Loading [Contrib]/a11y/accessibility-menu.js

Binning -- Table Cutting, Binning, and Nonparamatric Statistics.

Counting is a fundamental method of Statistics including computing frequence, proportion, and probability, ... etc. It is also an essential tool for categorial data analysis. A fast implementation for binning data given categories/breaks is done in R efficiently for small data. Based on the same idea demonstrated here, a lot of statistical concepts can be parallelized in the same way for large datasets.

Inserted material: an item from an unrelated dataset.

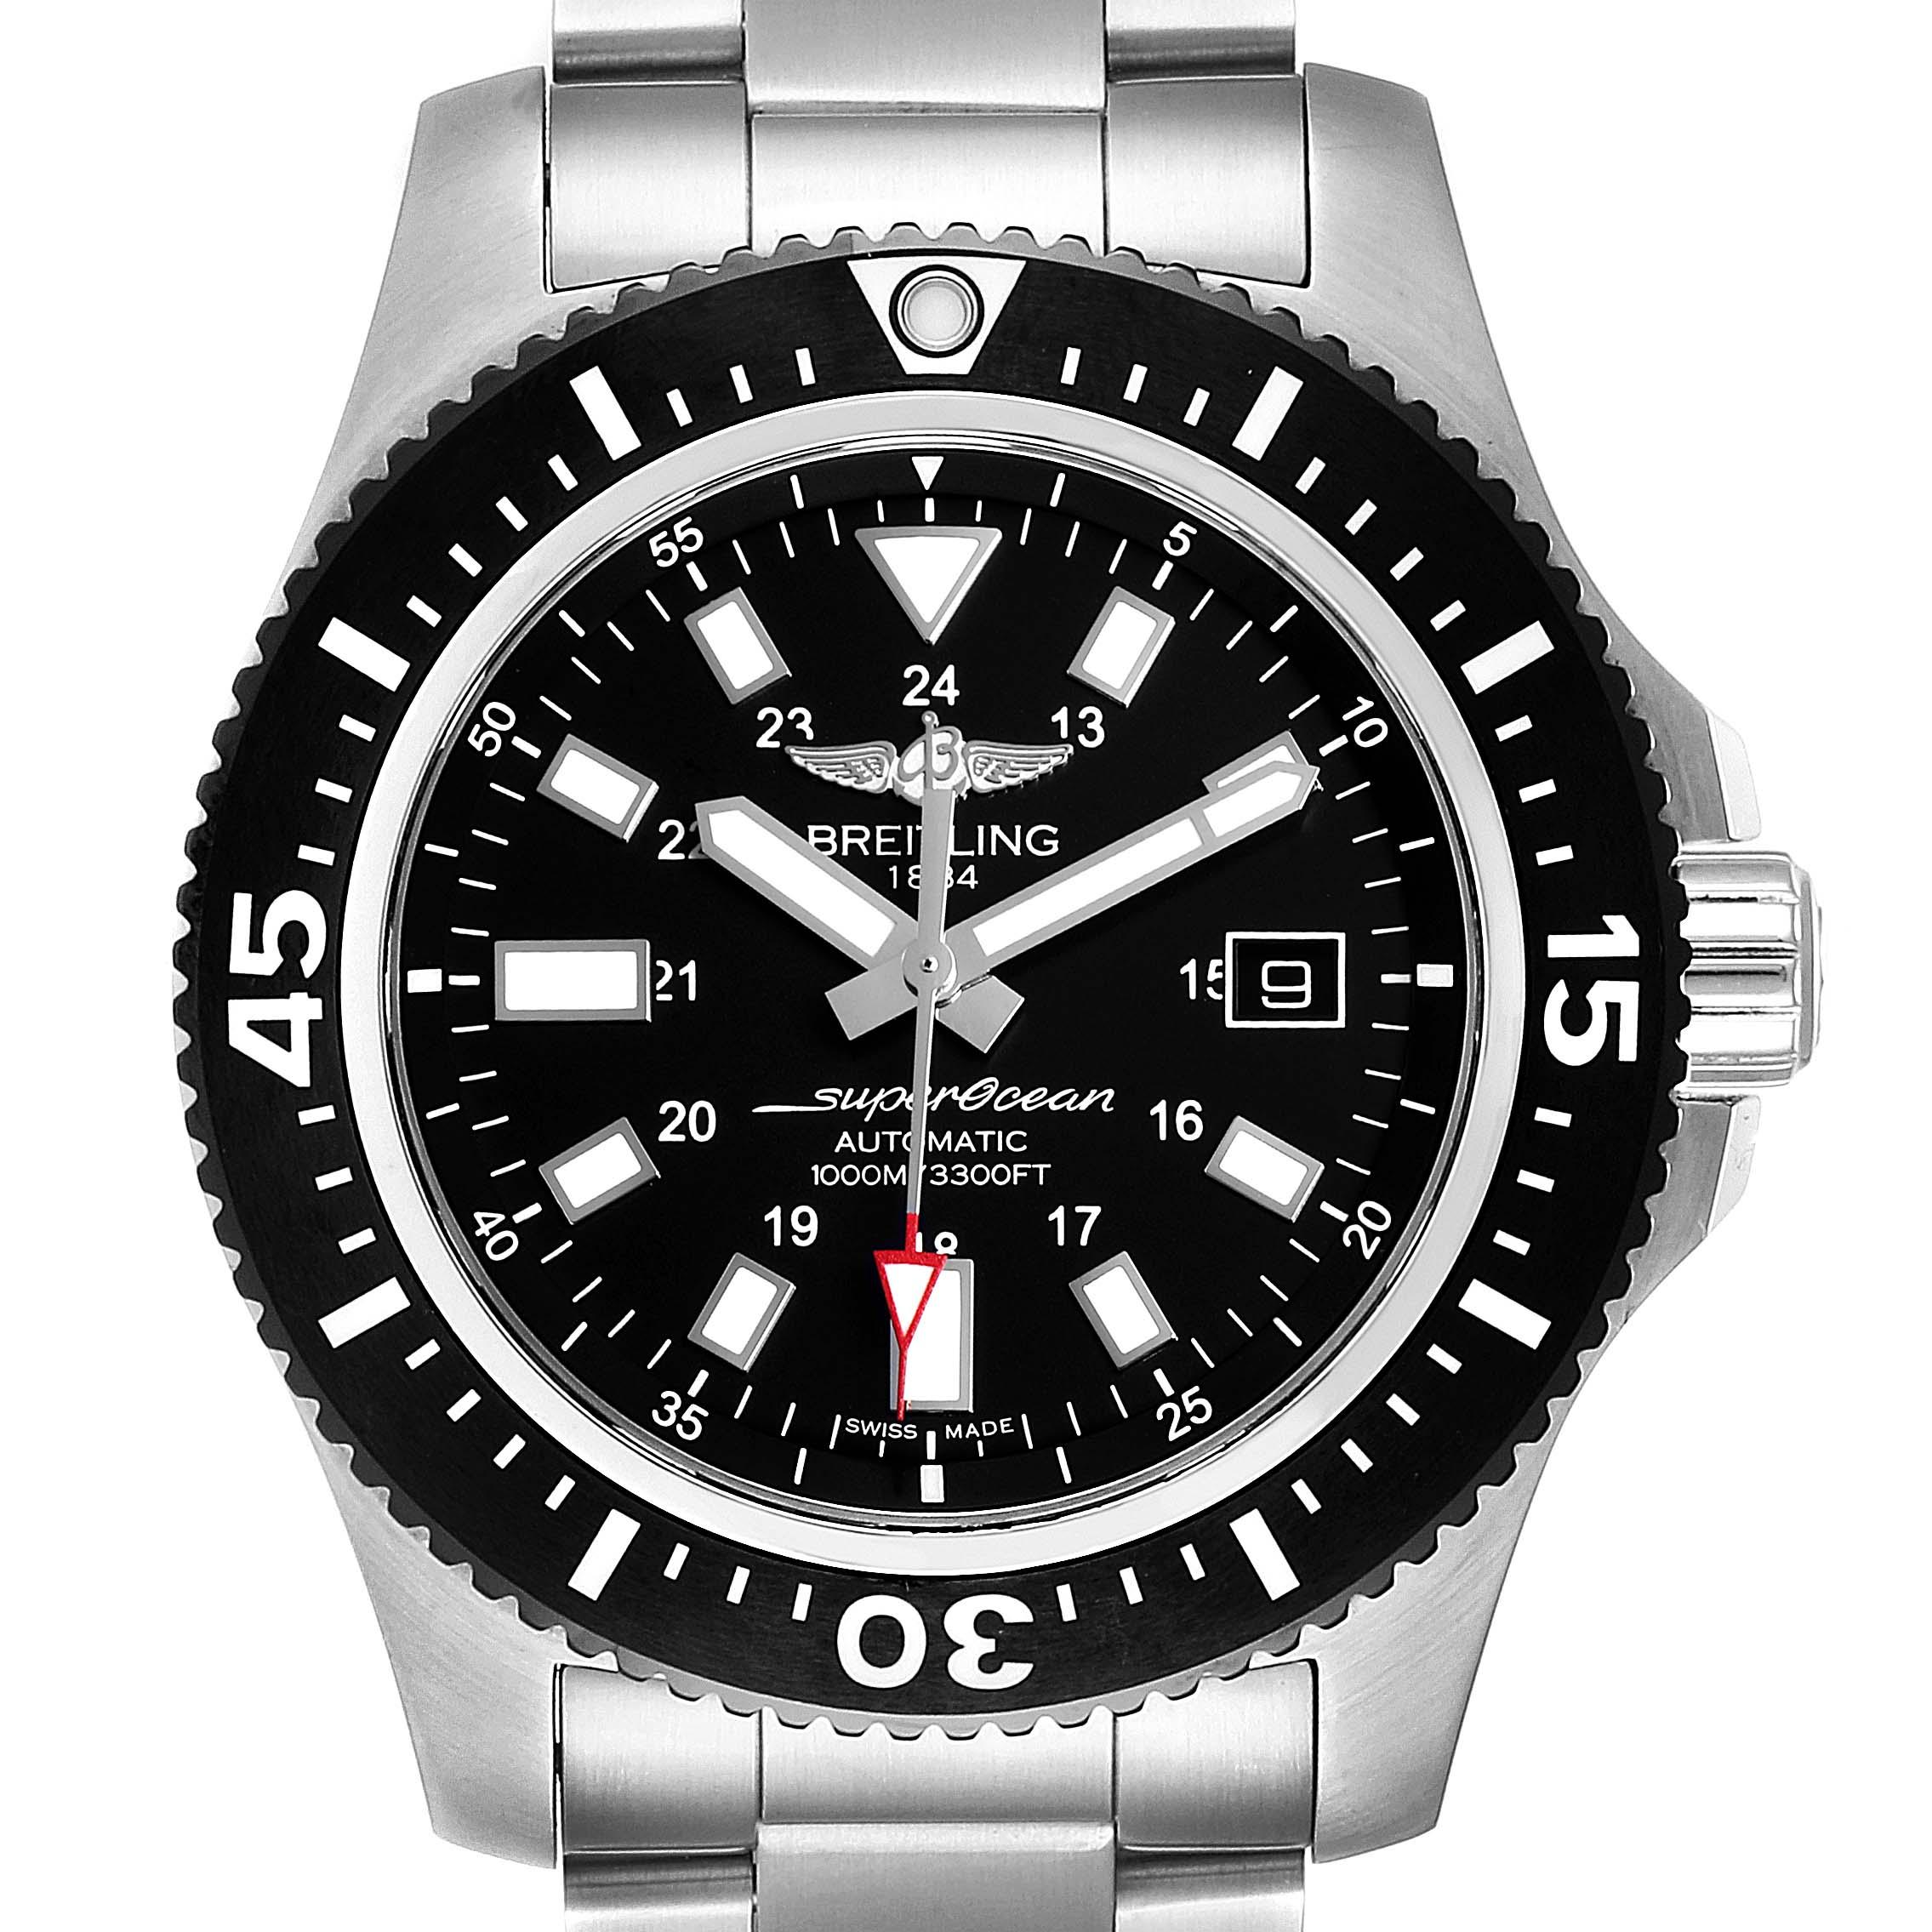 Breitling Aeromarine Superocean 44 Black Dial Watch Y1739310 Box Papers
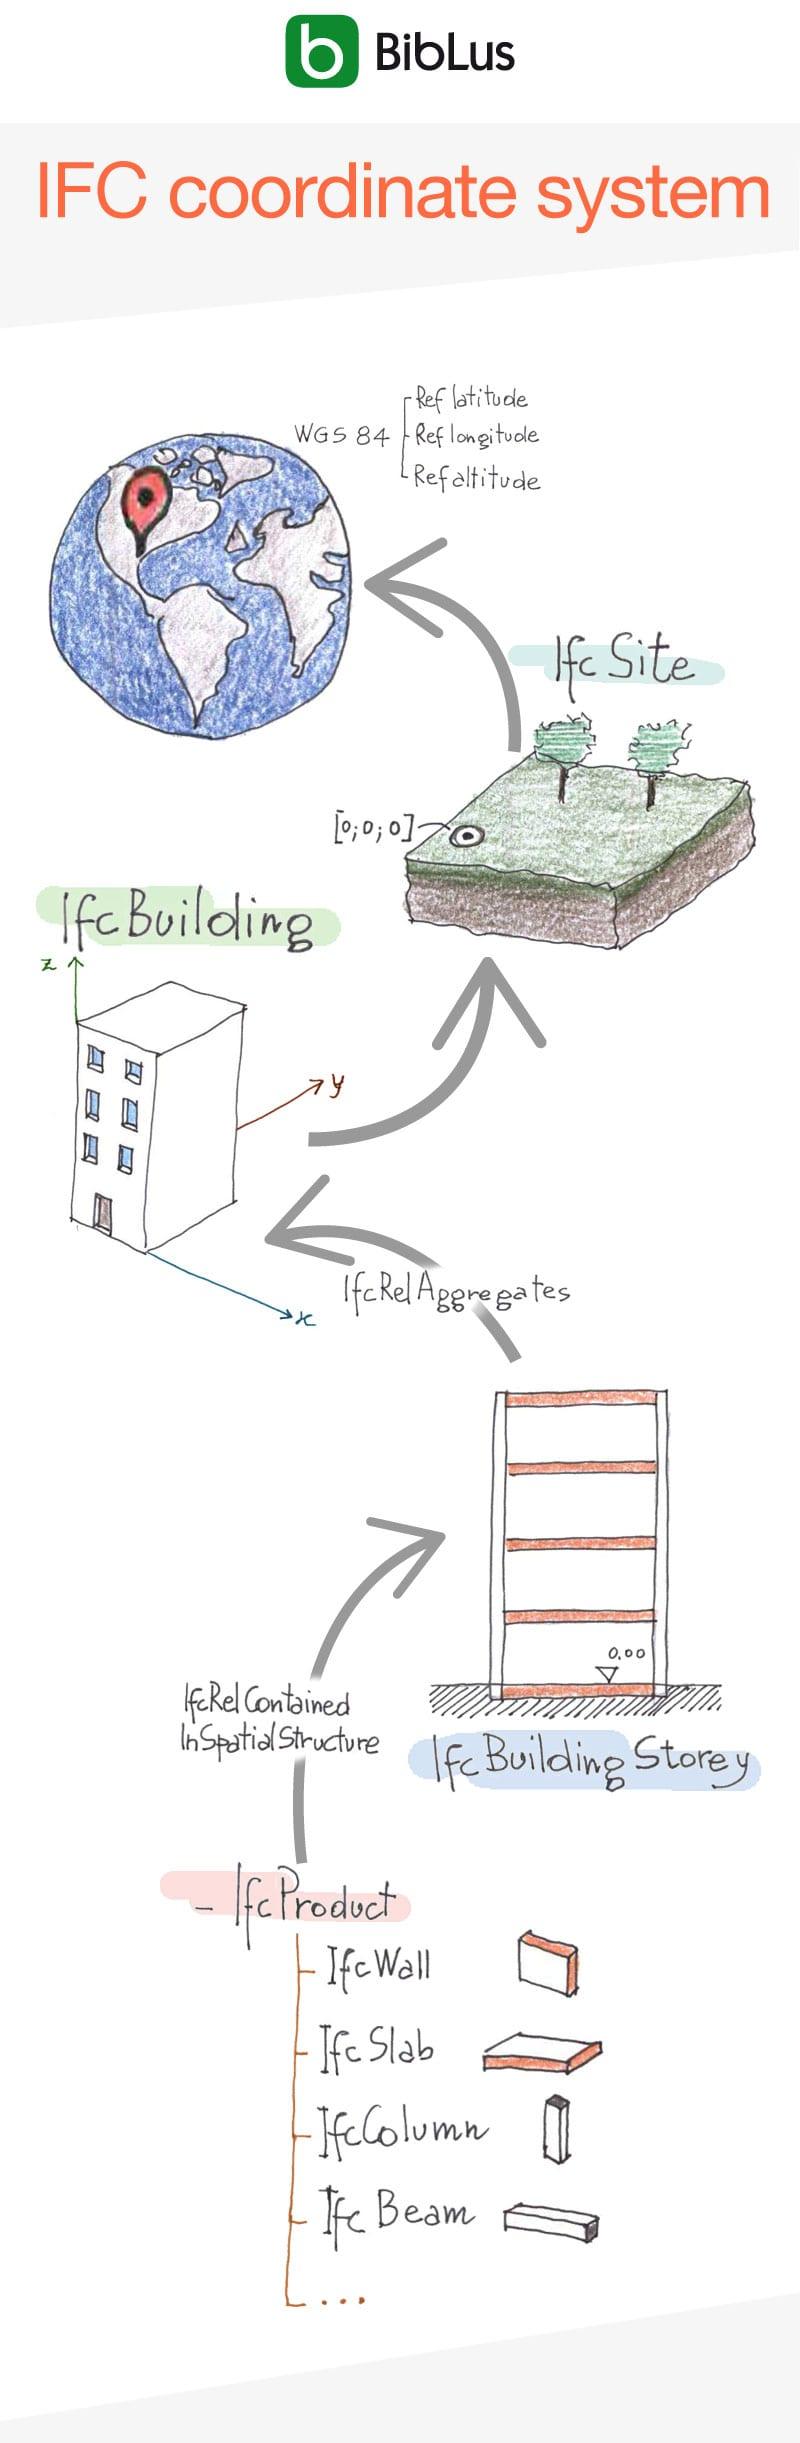 Handgezeichnete Infografik, die die hierarchischen Beziehungen für die Positionierung von Objekten darstellt

Serial code: (ex_binning_serial.r)

# File name: ex_binning_serial.r
# Run: Rscript --vanilla ex_binning_serial.r

### A famous example from help("cut") in R.
set.seed(1234)
N <- 100
y <- rnorm(N)

### Based on breaks to count data.
table(cut(y, breaks = pi / 3 * (-3:3)))

Parallel (SPMD) code: (ex_binning_spmd.r for ultra-large/unlimited $N$)

# File name: ex_binning_spmd.r
# Run: mpiexec -np 2 Rscript --vanilla ex_binning_spmd.r

### Load pbdMPI and initial the communicator.
library(pbdMPI, quiet = TRUE)
init()

### Main codes start from here.
set.seed(1234)
N <- 100
y <- rnorm(N)

### Load data partially by processors if N is ultra-large.
id.get <- get.jid(N)
y.spmd <- y[id.get]

### Based on breaks to count data.
bin.spmd <- table(cut(y.spmd, breaks = pi / 3 * (-3:3)))
bin <- as.array(allreduce(bin.spmd, op = "sum"))
dimnames(bin) <- dimnames(bin.spmd)
class(bin) <- class(bin.spmd)

### Output from RANK 0 since reduce(...) will dump only to 0 by default.
comm.print(bin)
finalize()

Exercise:

Try the R function tabulate() to replace table().